If engaged, they know this hill territory in the way that only long residence produces — not from maps or patrol but from years of watching the same ground in all weathers. They know where the Named spirit on this range lives (roll 73–75 to place it if not already established), whether it is currently agitated, and why. They know which sections of old ley structure are still holding and which have quietly failed. They will not share this in a single conversation. They will share pieces of it over the course of an evening if the party is interesting enough.
They are looking for a Demon Hunter. Not urgently — they have been looking for a while and have learned patience. If the party has one, the hermit will take them aside privately and describe a specific sealed structure three hours uphill that has been producing a cold discharge for approximately six weeks. They do not know what is inside. They know it needs attention before winter.
73–75 — Haunted Hill
This specific peak — whichever hill the party is currently on or approaching — has a Named spirit tied to it. The spirit is not immediately attacking. It is territorial, which means it is asserting presence rather than hunting. Manifestations: persistent cold that does not match the wind direction, animals (horses, dogs, any pack animals) refusing to approach the summit, stones that are slightly displaced between one look and the next, a faint sound at the threshold of hearing that changes when the party changes direction.
The spirit cannot be fought conventionally. It can be turned by a Cleric as a Wraith, which drives it back to the peak for the rest of the day. A Rootstone Keeper or Druid who knows the appropriate greeting for territorial hill spirits — pressing the back of one hand to the forehead, three deliberate breaths, a spoken acknowledgment that this is its ground and the party is passing through — can move through the territory without incident. A character who has spent significant time with Velkari may know this.

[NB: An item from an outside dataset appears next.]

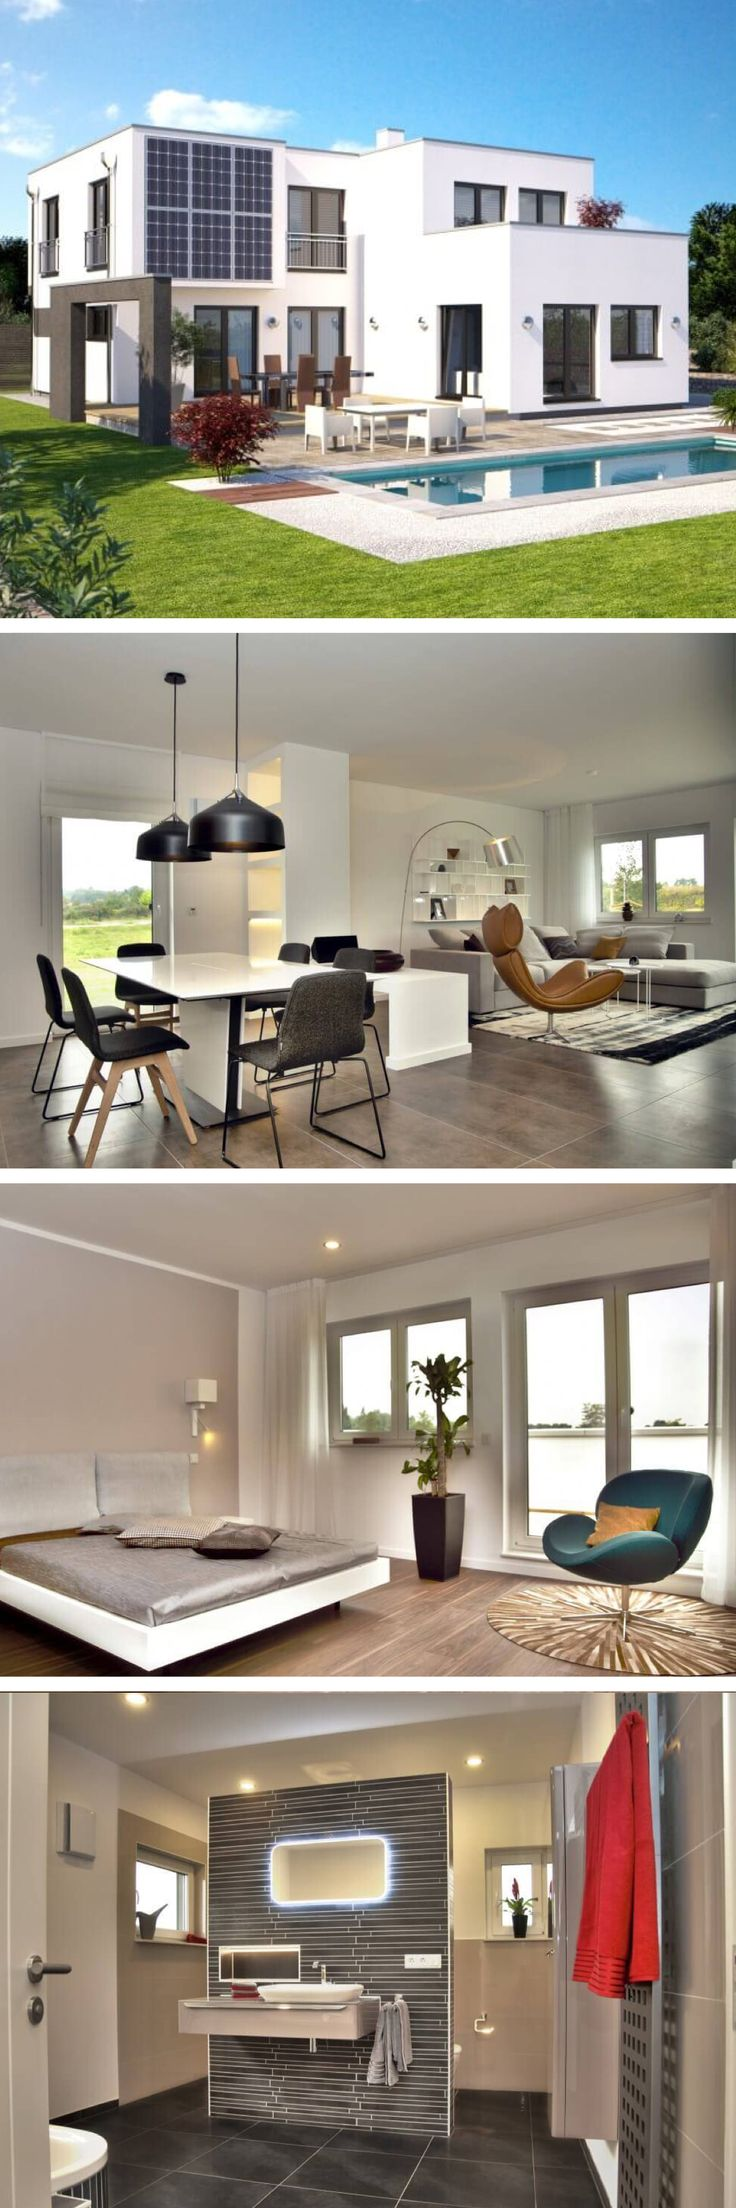 Modernes Design Haus Im Bauhausstil Mit Flachdach Architektur   Fertighaus  Innen Luxus Stadtvilla Hommage 198

If the party camps on the hill without acknowledgment, someone wakes at 3am with a clear certainty that they are being watched from very close. They are correct. Nothing happens if they do not act on it.

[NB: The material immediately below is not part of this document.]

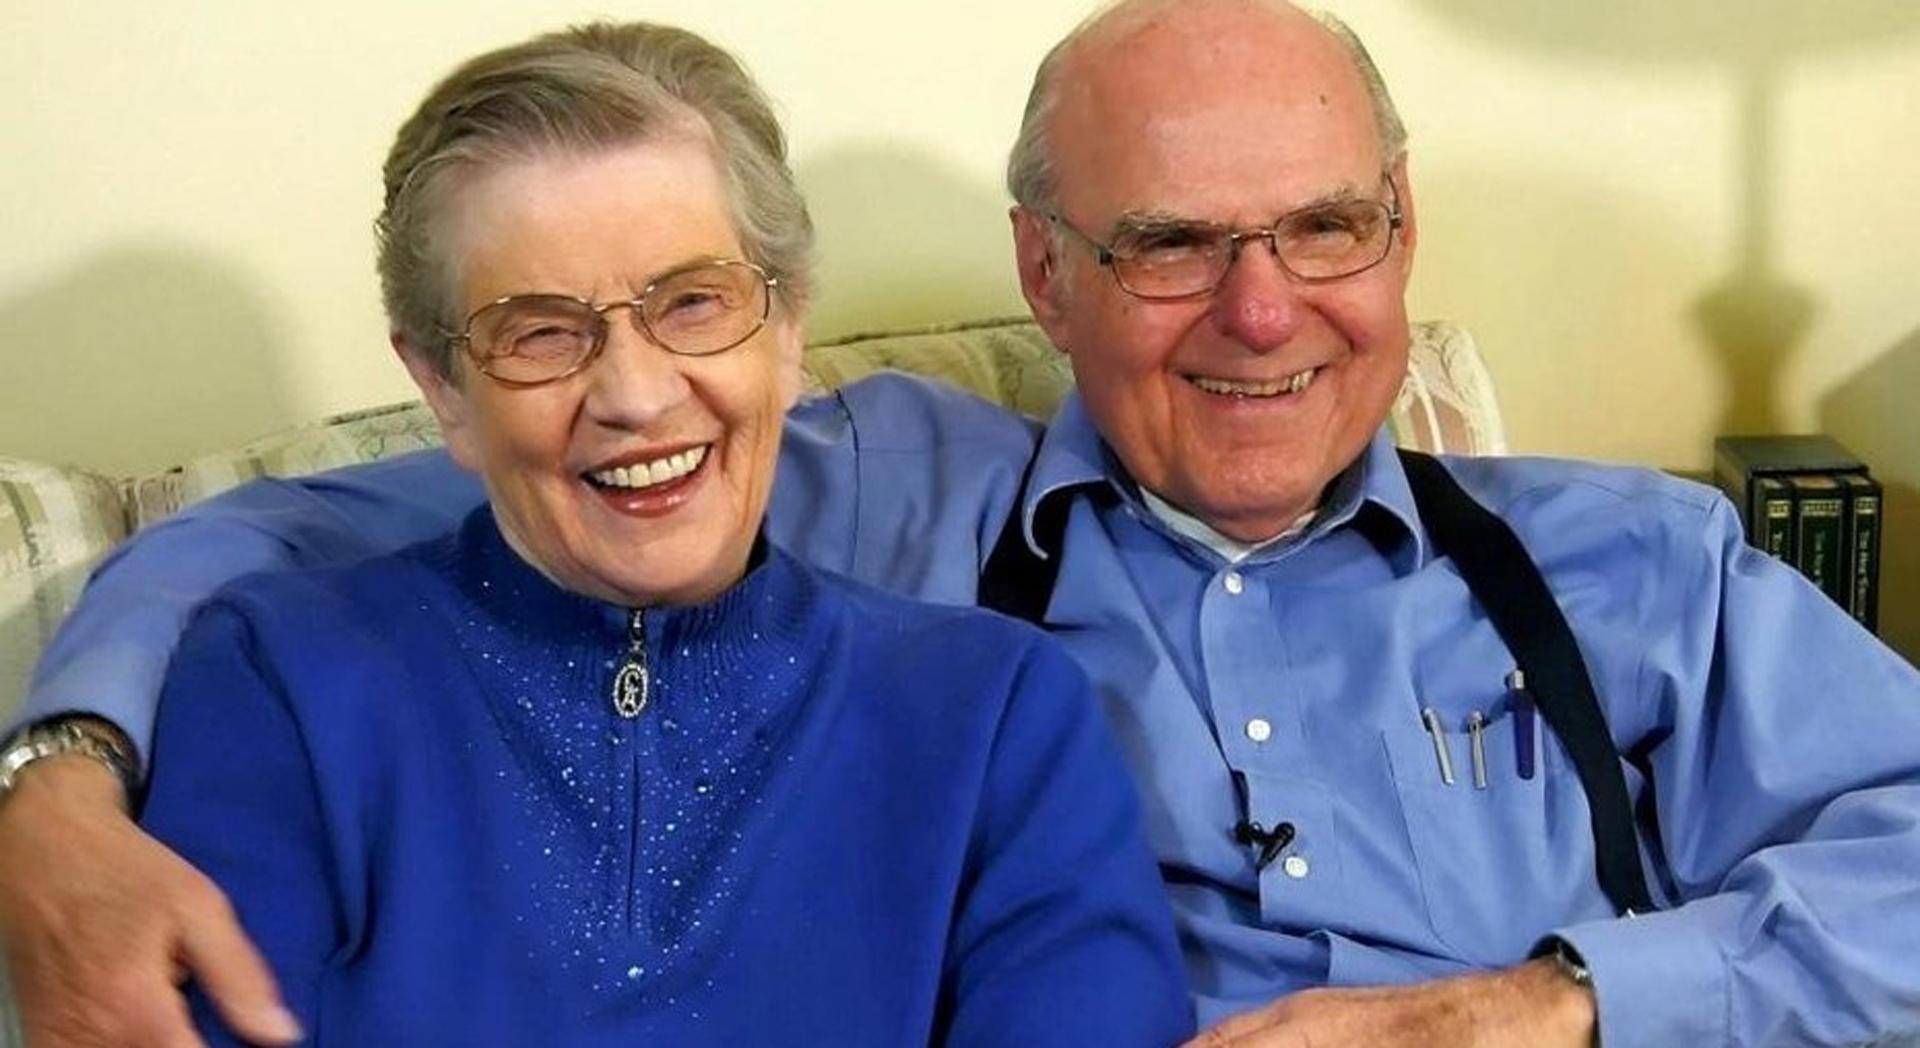 LaVonne Moore, abrazada por su marido, tiene implantado un marcapaso cerebral

80–82 — Life Force Spirit Attack
This encounter has no visible monster. One PC (referee's choice, or the one with the lowest current hit points as a proxy for vulnerability) begins losing 1 Constitution per day. There is no obvious cause. Ability score loss from this effect cannot be recovered by rest or healing magic alone.
The explanation: a hostile practitioner — a sorcerer, a bitter Keeper gone wrong, someone the party wronged or who was wronged by someone they are associated with — has identified the external anchor of this PC's life force spirit (the specific rock, tree, or body of water it is attached to) and is working to damage or drive it away.
Diagnosis requires a Cleric's Detect Magic, a Druid's commune with nature equivalent, or consultation with a Rootstone Keeper or similar specialist. Once diagnosed, resolution requires finding and protecting the anchor, performing a thread cross ceremony to call the spirit back, or locating and stopping the practitioner. A Cleric's Cure Disease does not resolve this but halts the Constitution loss for 24 hours.
This encounter works best as a slow-burn complication that overlaps with other sessions rather than a single encounter. Introduce it, let it fester, and let the party work out what is happening.